# A or B? how about C?



## Macybaby (Jun 16, 2006)

I think this is what I'm going to use. I stopped at the quilt shop near were I work and found a couple of yellows that would work. It keeps in nice and bright!

I'll use the darker fabric in the border for a more definite outline look.


----------



## margo (May 29, 2002)

Nice brights! Perks up a dark winter day. It's been snowing all day today here. Do you have someone in mind for this quilt? I bet a young girl or teen would love it.

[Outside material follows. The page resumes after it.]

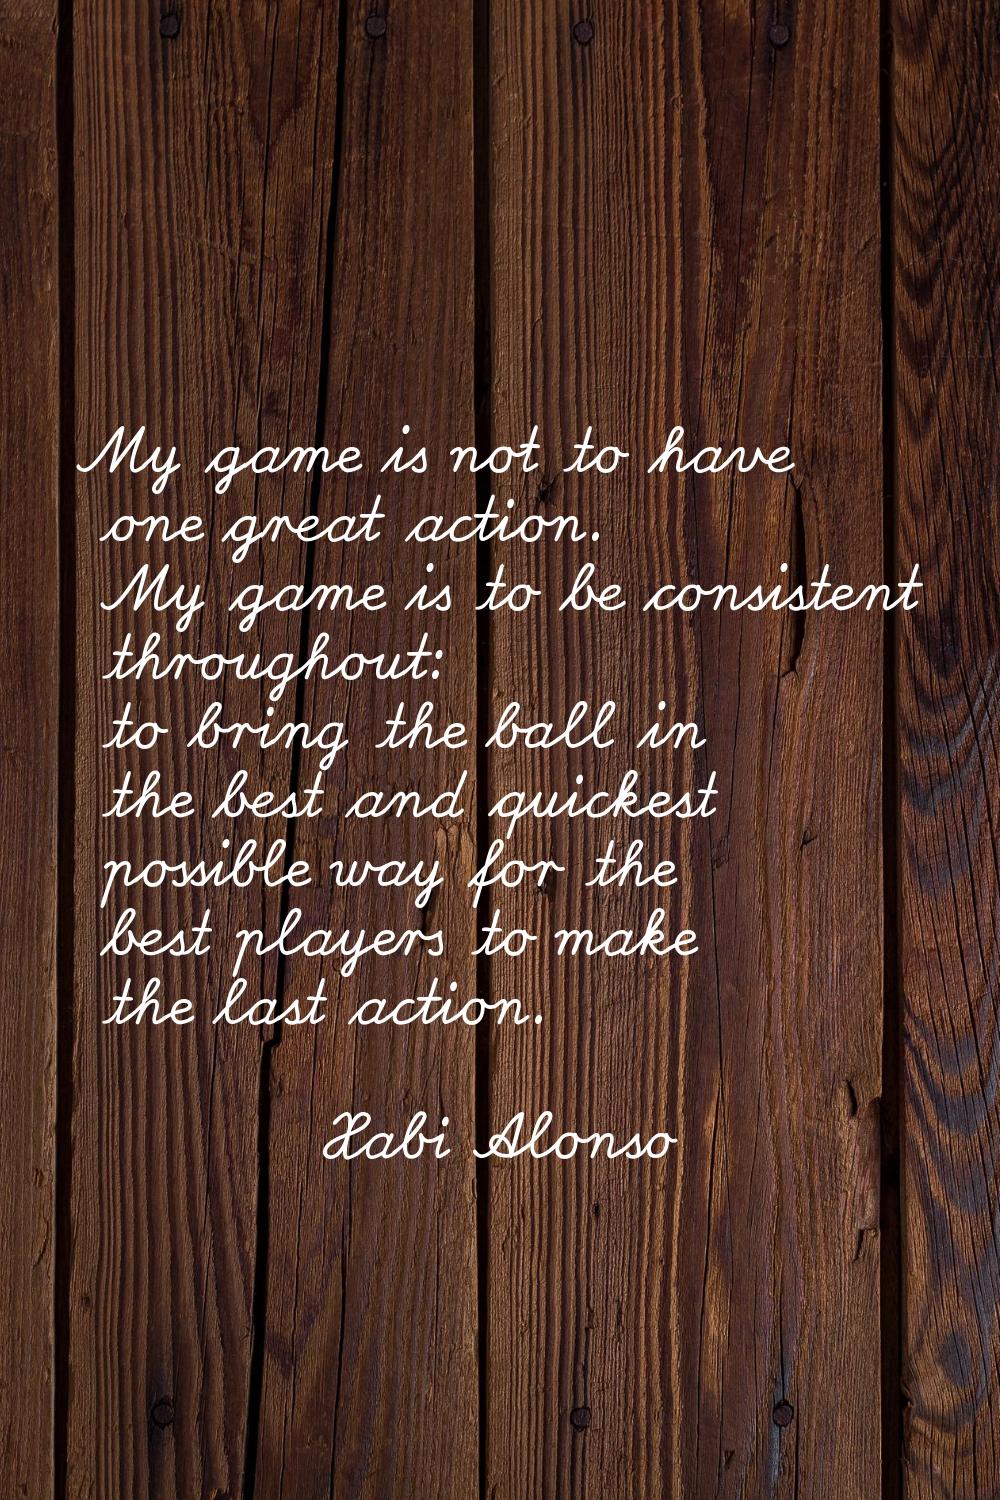 My game is not to have one great action. My game is to be consistent throughout: to bring the ball

edit to add: I would go with the dark (purple) to be the border color, too


----------



## homemaid (Apr 26, 2011)

Love it... I love the fabric with the circles on it..


----------



## Macybaby (Jun 16, 2006)

I've making quilts to hang in my Machine Shed. I've got a lot of wall space to cover. Though I can always take one down if I need one to give. Last year I made at least ten quilts and gave them all away.


----------



## Macybaby (Jun 16, 2006)

Here is the center - this will be bordered with the dark purple and green, then a 8" wide strip of the circles, and more strips for the outer edge. Not sure what colors I'll use for that though. I'll decide when I get there!

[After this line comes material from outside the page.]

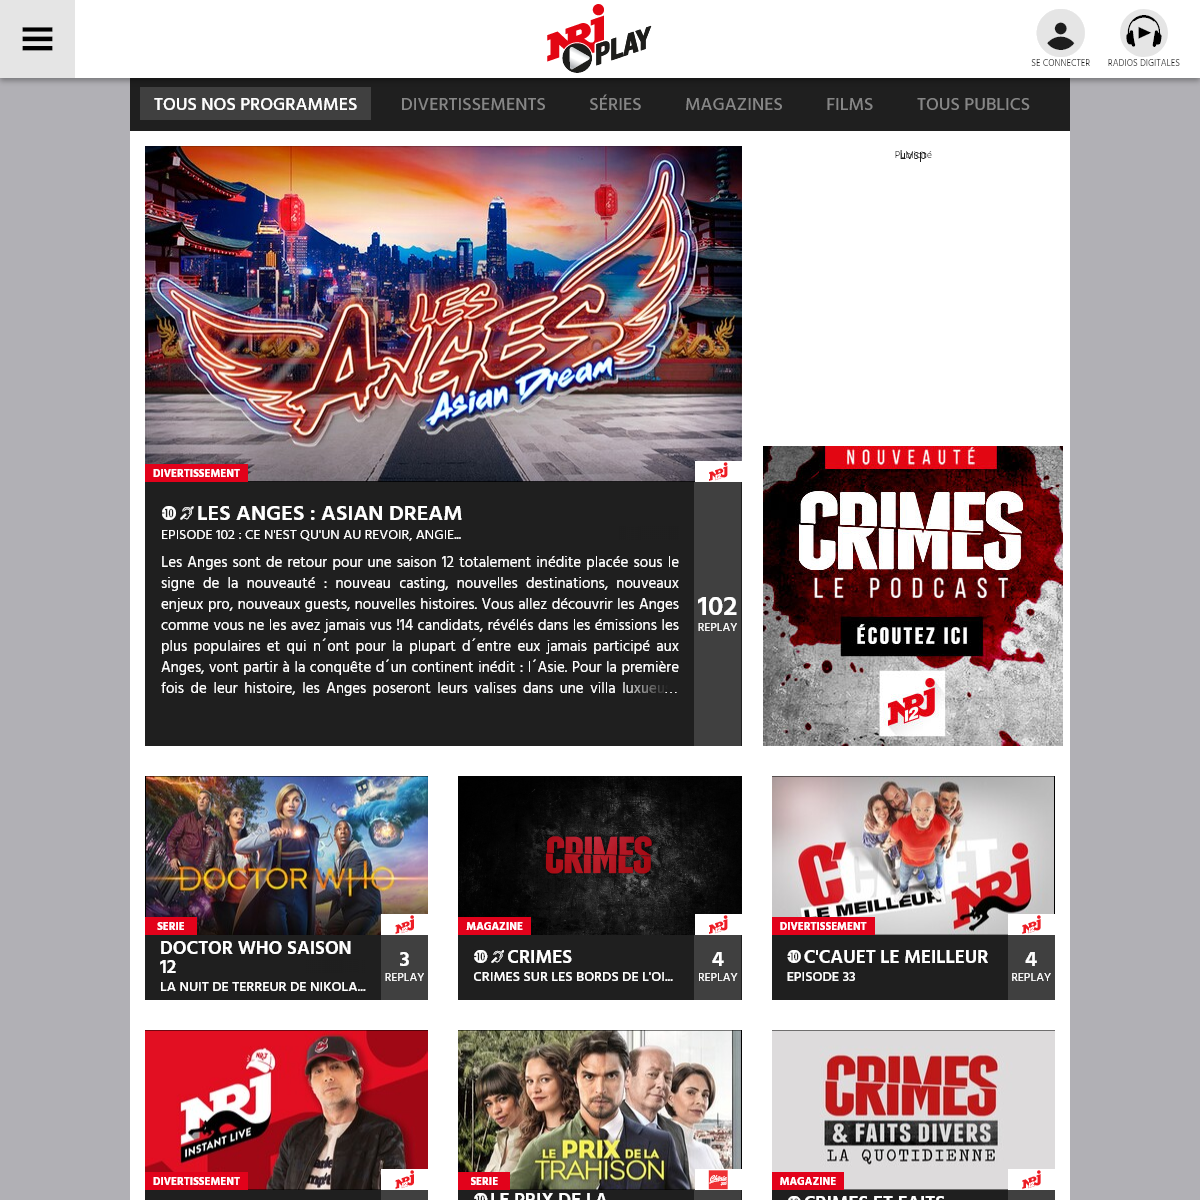 A complete backup of nrj-play.fr

The picture does not show how bright this really is, and it looses the "weave" in the corners that is much more pronounced than it looks.


----------



## maxine (Jun 22, 2004)

Oh suuurrrre.. keep taunting us with that beautiful fabric that we can't buy any more!!! I love what you are doing with it.. good job and enjoy it.. please show us the finished quilt..


----------



## COSunflower (Dec 4, 2006)

Perfect for a teenage girl's room!!!! With some bright pillows to match and colorful sheets!!!


----------



## Macybaby (Jun 16, 2006)

got the borders on.

Big Thank you! to belfrybat for trading fabric - most of what she sent got used up with this quilt (saving the Texas wildflowers for another project). 

I don't have good light this morning - but some of you have seen the fabric in person so you know how bright it is. This is a queen size quilt. Since this wall is rather short, I had to fold the top edge over a bit so it would be off the floor. Will like having my shed done - it's got 9' walls so way more room to hang quilts.


----------



## maxine (Jun 22, 2004)

NICE job!!! I really like the borders very creative.. stunning, bright, happy quilt!!


----------



## Belfrybat (Feb 21, 2003)

I love it! Gives me some good ideas to use with the fabric we traded. I didn't want to cut it up too small and lose that fabulous bright print.


----------



## homemaid (Apr 26, 2011)

Oh my gosh I LOVE this one...


----------



## maxine (Jun 22, 2004)

Lust I tell you!! Lust in my heart for that fabric!!!


----------



## Tinker (Apr 5, 2004)

So nice & bright! I bet you will smile each time you see it.


----------



## COSunflower (Dec 4, 2006)

This quilt will be "Stitches of Happiness"!!! It is so bright and cheery that you can't help but be happy!!! It's BEAUTIFUL!!!!!


----------



## Macybaby (Jun 16, 2006)

I'm looking forward to getting it on the quilt frame. I was pondering how to quilt it - and then with the "smile" and "happiness" comments, I go the idea of putting a big smiley face in the big blocks. And for fun, maybe I"ll slip in a face palm and a few of the others.

I'd like to do SID for the stripes - but I'd have to do that on my domestic machine. I've done something like that before, get most of the design quilted on the frame, and then finish up some straight stitching afterwards. That way it's already stretched and centered and effectivly "basted".

I won't be getting any quilting done until we get the shed done and most of the machines moved out there. I've got it too crowded around my quilt frame right now, and it makes it hard use. 

U


----------